The DUblin Connection
When the government suppressed James Connolly’s newspaper in Dublin it was the Glasgow Anarchist Group that took over the printing of the paper for them and smuggled it into Ireland. The British mainland police, although they raided several anarchist presses, including “Freedom Press” in London, they never managed to get the right one.
An Early Death
Speaking at a meeting in Edinburgh in March 1913 George Barrett caught a chill from which he never fully recovered. He developed tuberculosis which proved to virulent and deadly and died in January 1917.
George Barrett was certainly one of the clearest thinkers and ablest of speakers of his era, his passion, intensity and faith never wavered even although he lived to see most of his work undone by the war.

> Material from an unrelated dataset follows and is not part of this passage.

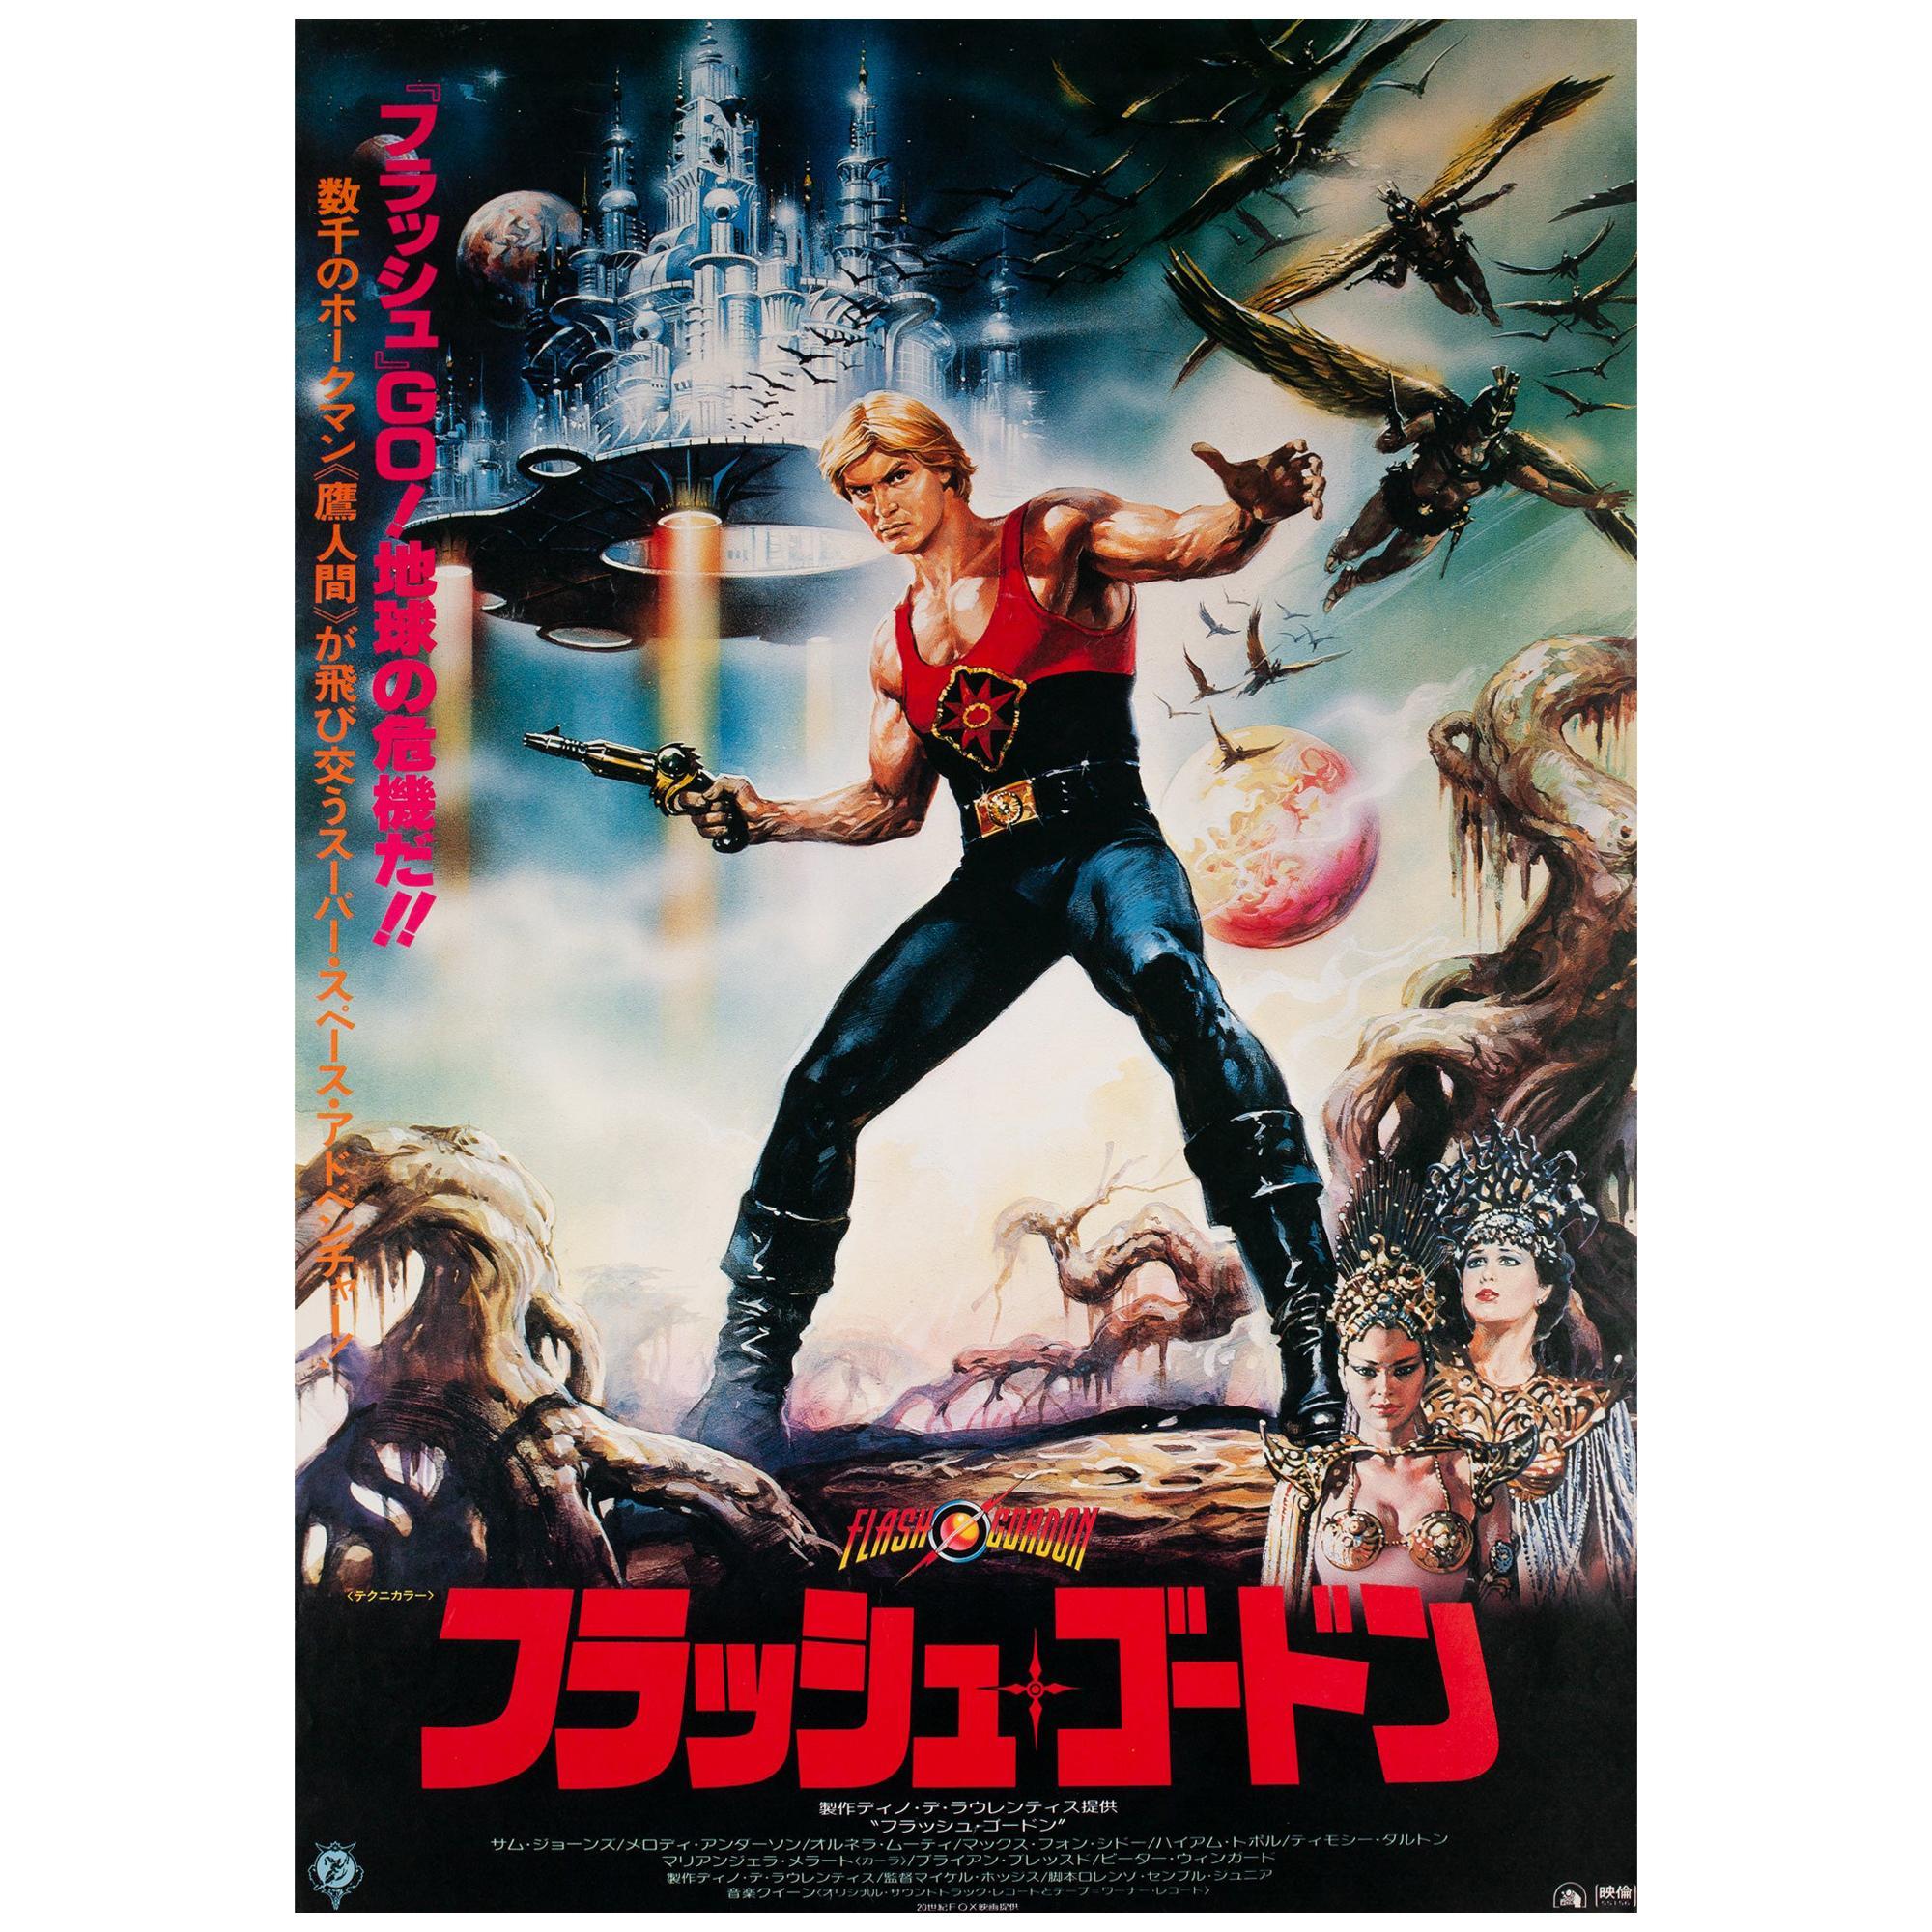 Flash Gordon, Japanese Film Movie Poster, 1980, Casaro

He profoundly believed that the system could not be merely altered to make the ordinary peoples’ lives better, it had to be a complete revolution. His pamphlets were written with clear, precise thought and simple language. His pamphlet “The Last War” showed that the war was the workers being used to settle a quarrel between their masters and that the real war was the taking over of the means of production and distribution by the workers. The government condemned the pamphlet “The Last War” but not before 10,000 copies had been sold. Just a few months before his death George Barrett produced two more brilliant pamphlets, “The Anarchist Revolution” and “Objections to Anarchism”, proving that right to the end he was an accomplished propagandist who had never strayed from his anarchist convictions.